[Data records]
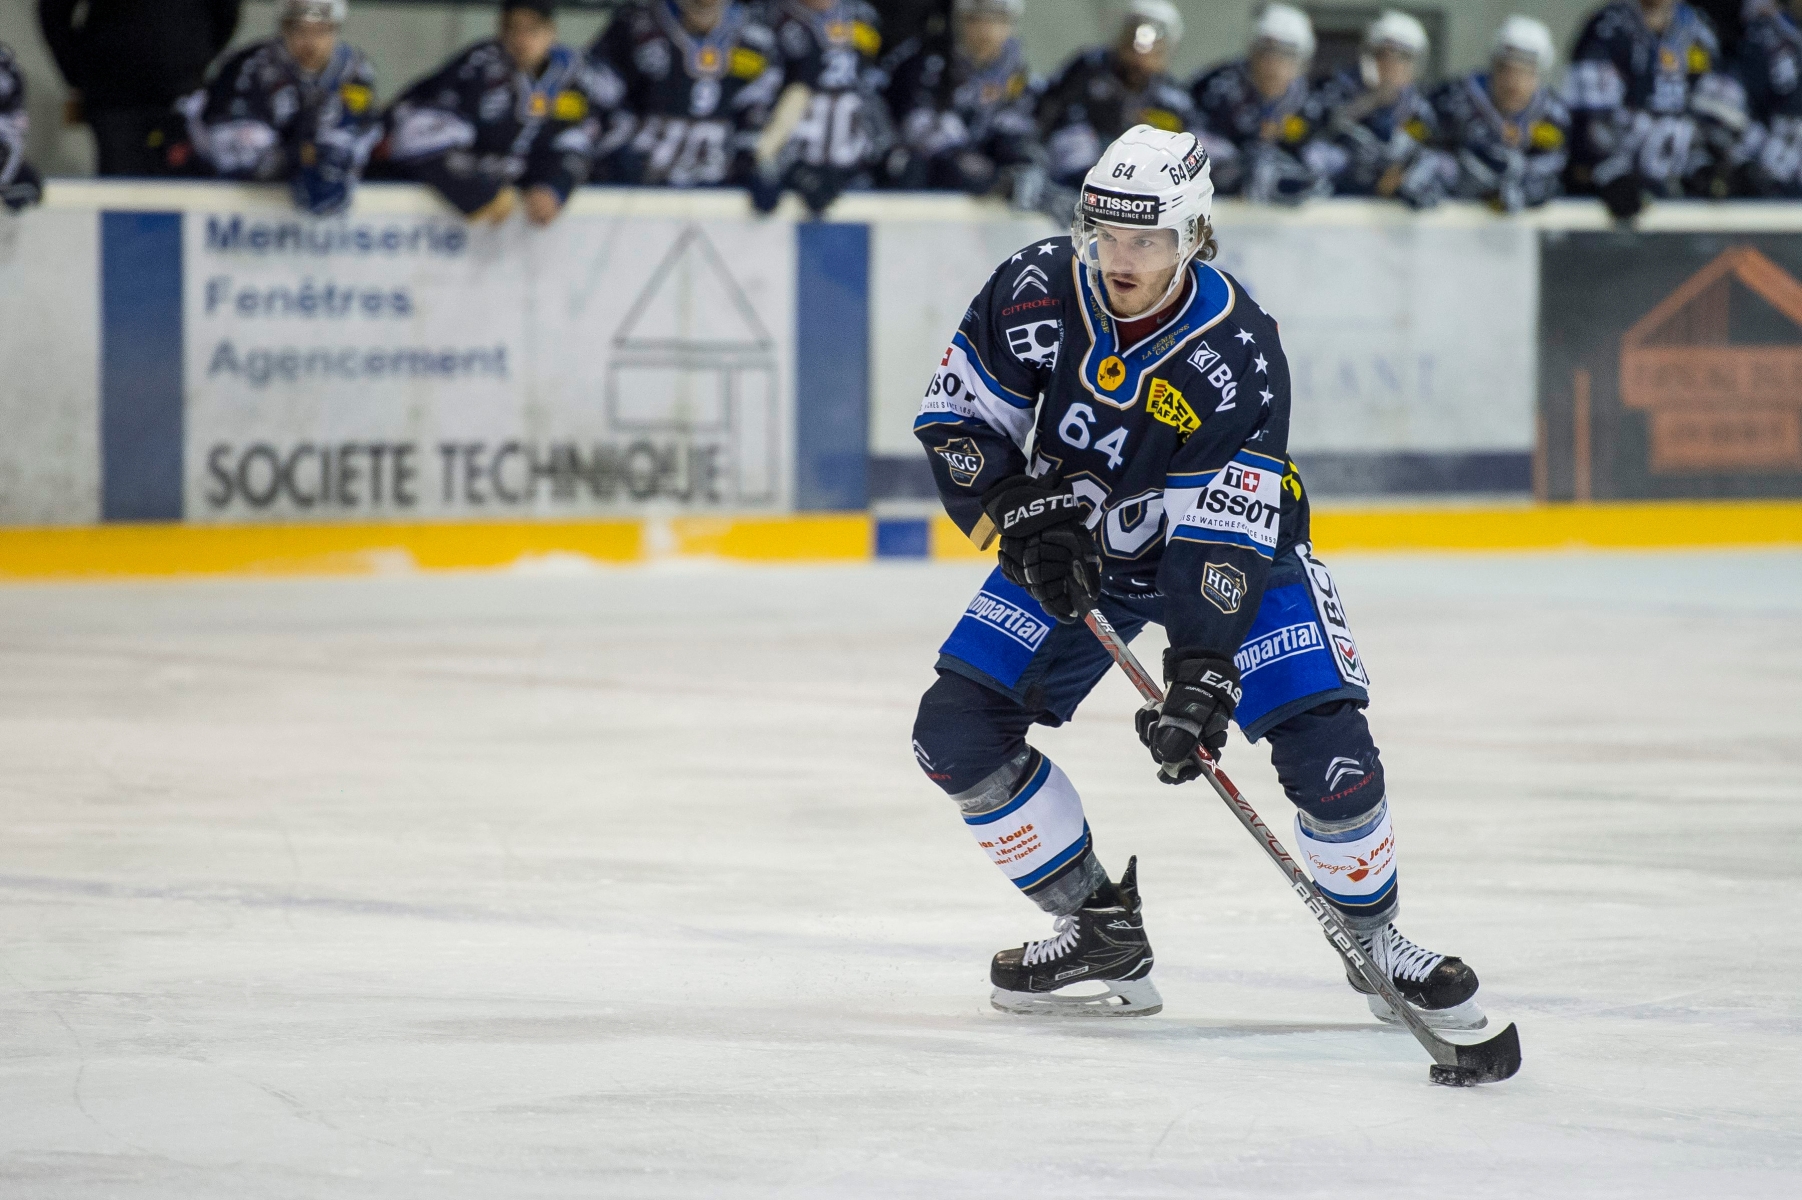 Hockey sur glace. HCC - GCK Lions
Daniel Eigenmann (64)

La Chaux-de-Fonds, le 08.10.2016
Photo : Lucas Vuitel HOCKEY SUR GLACE
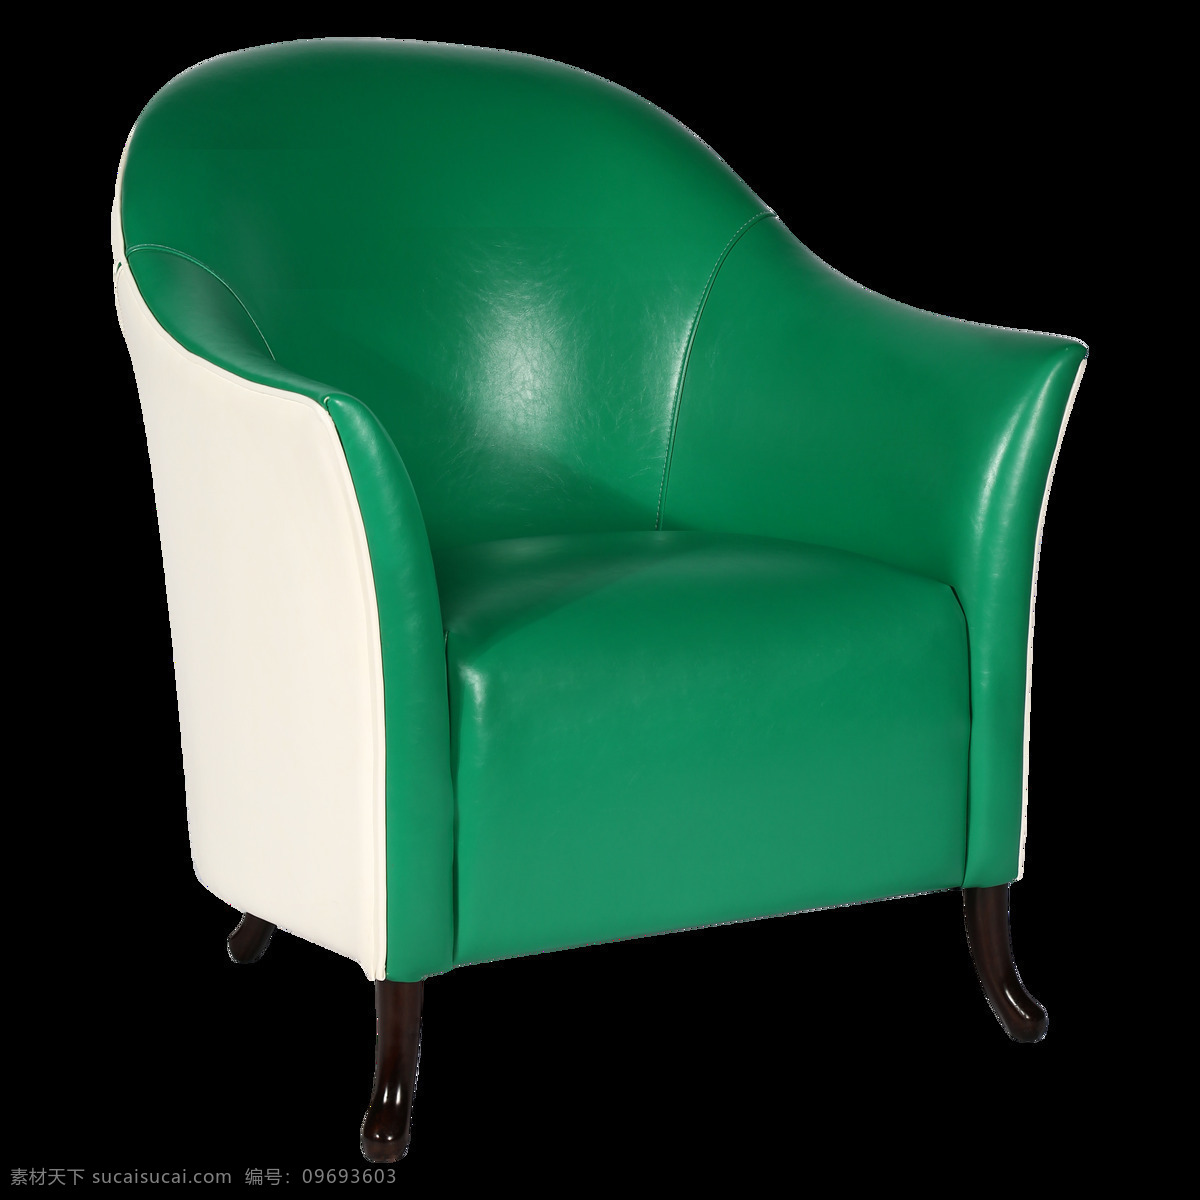 可椅高级定制 绿色 糖果 色 洽谈 椅 休闲椅 椅子 沙发 高级定制 简约 北欧 哥特 自然 地中海 现代 新中式 家具 家居
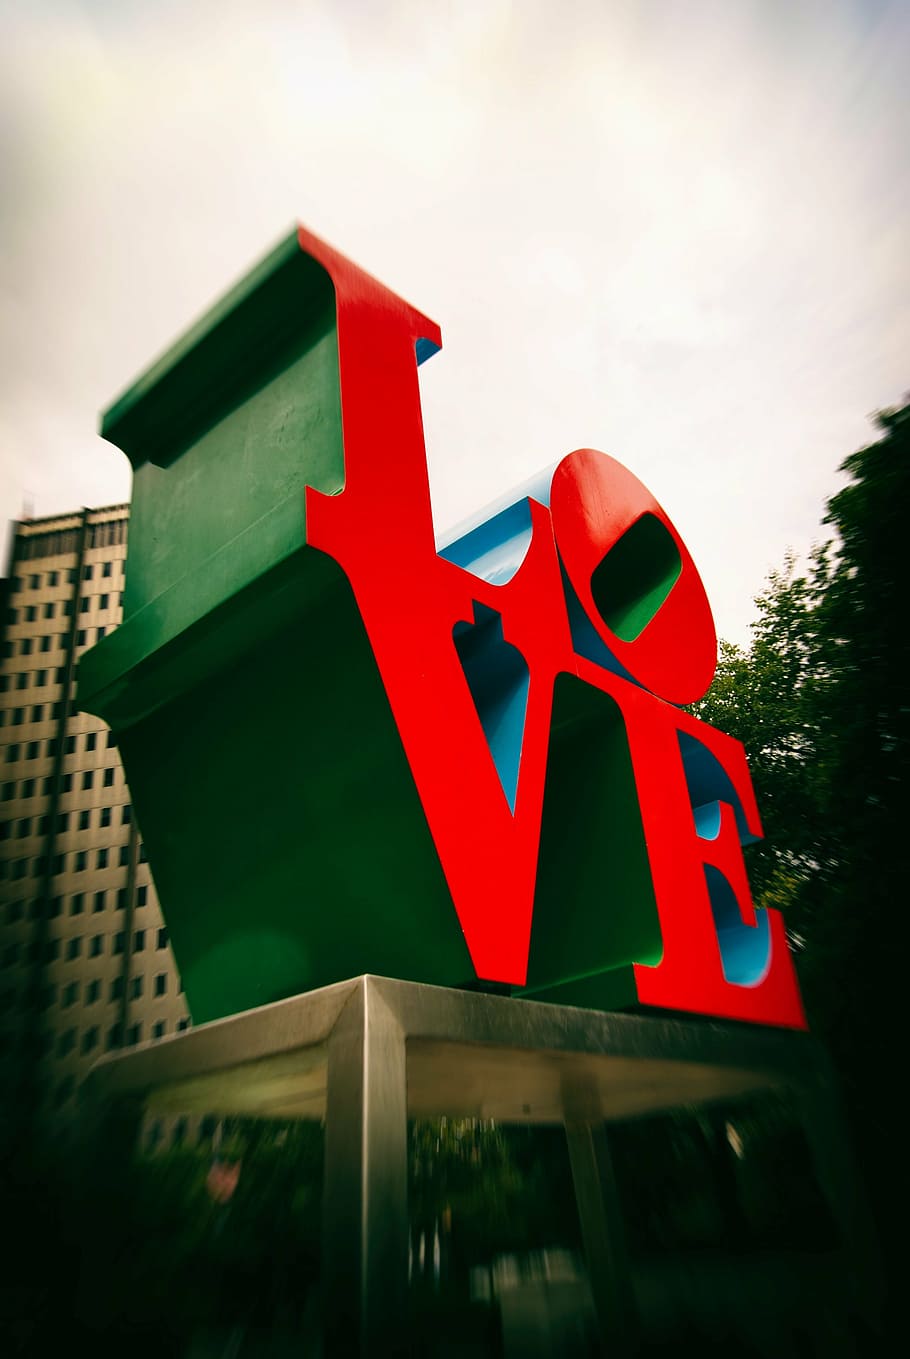 vermelho, verde, estátua do amor, arquitetura, construção, infraestrutura, projeto, borrão, amor, estrutura construída
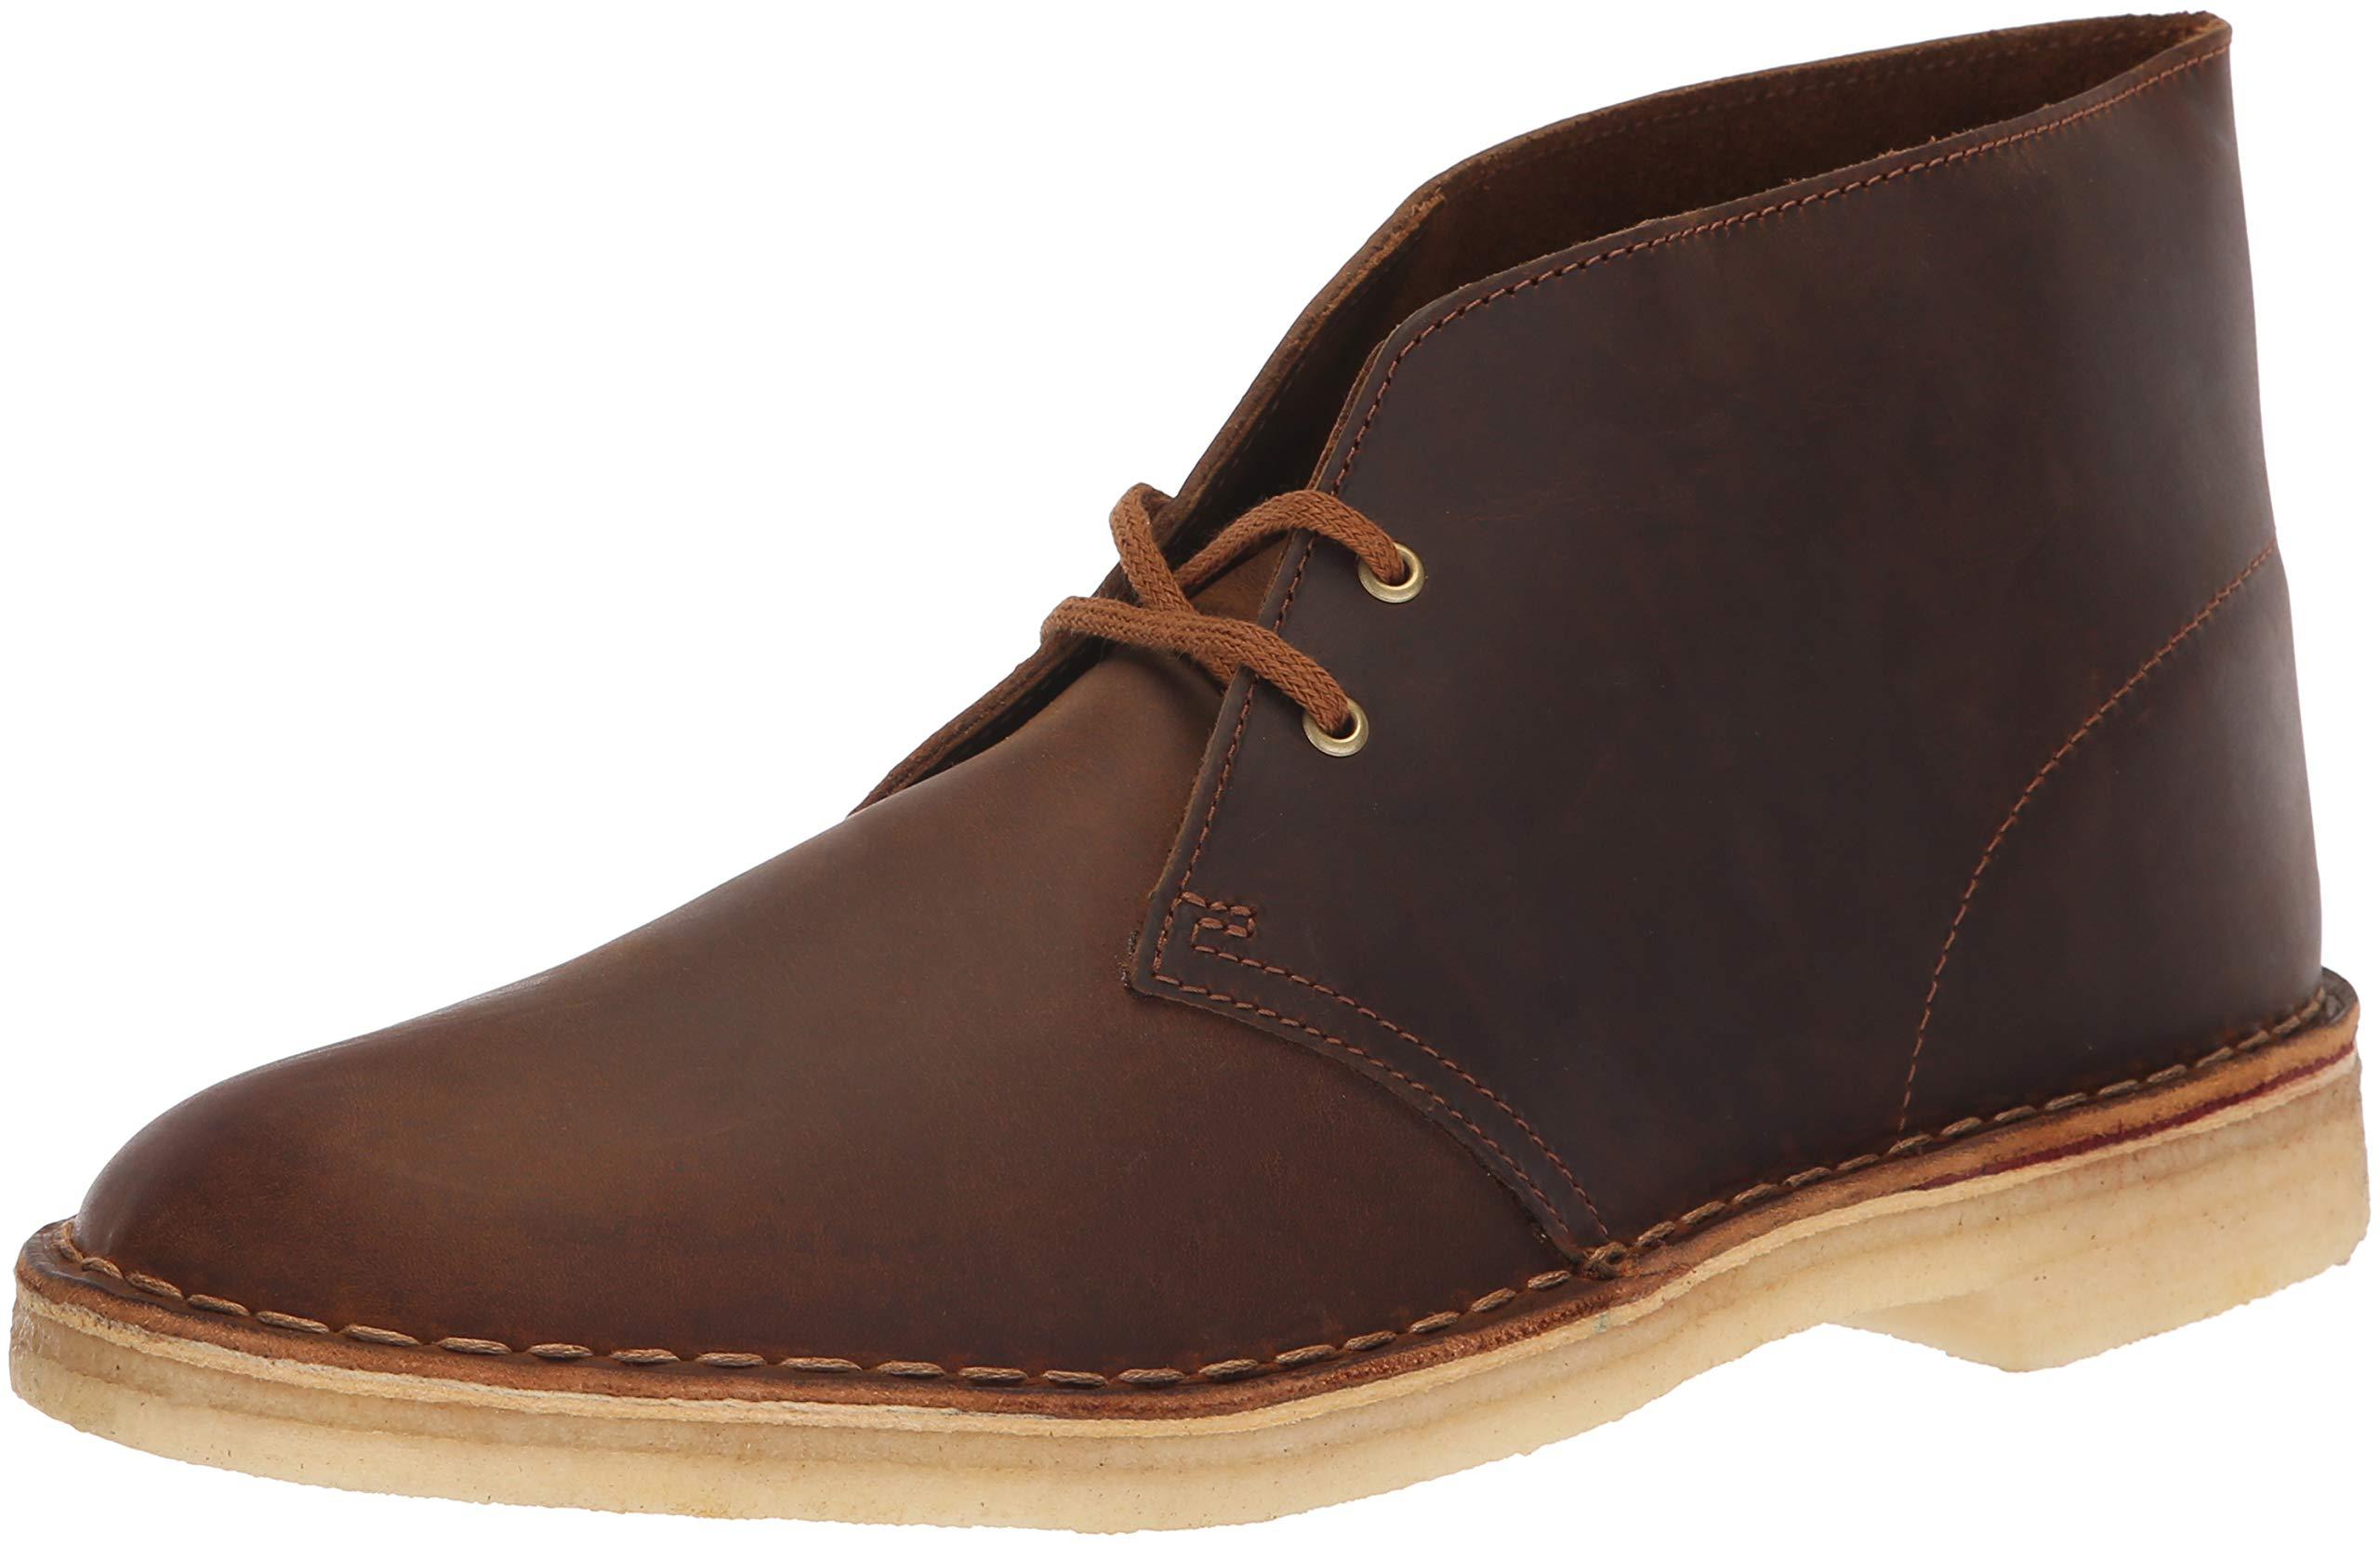 Clarks Leather Desert Chukka Boot in Brown for Men - Lyst

#### ASSIGNMENT:
The answer must be an exact copy of the lines from the one containing "可椅高级定制 绿色 糖果" through the last line of the records, and nothing else. Pictures do not belong in it.

#### ANSWER FOR THE TASK:
 可椅高级定制 绿色 糖果 色 洽谈 椅 休闲椅 椅子 沙发 高级定制 简约 北欧 哥特 自然 地中海 现代 新中式 家具 家居
 vermelho, verde, estátua do amor, arquitetura, construção, infraestrutura, projeto, borrão, amor, estrutura construída
 Clarks Leather Desert Chukka Boot in Brown for Men - Lyst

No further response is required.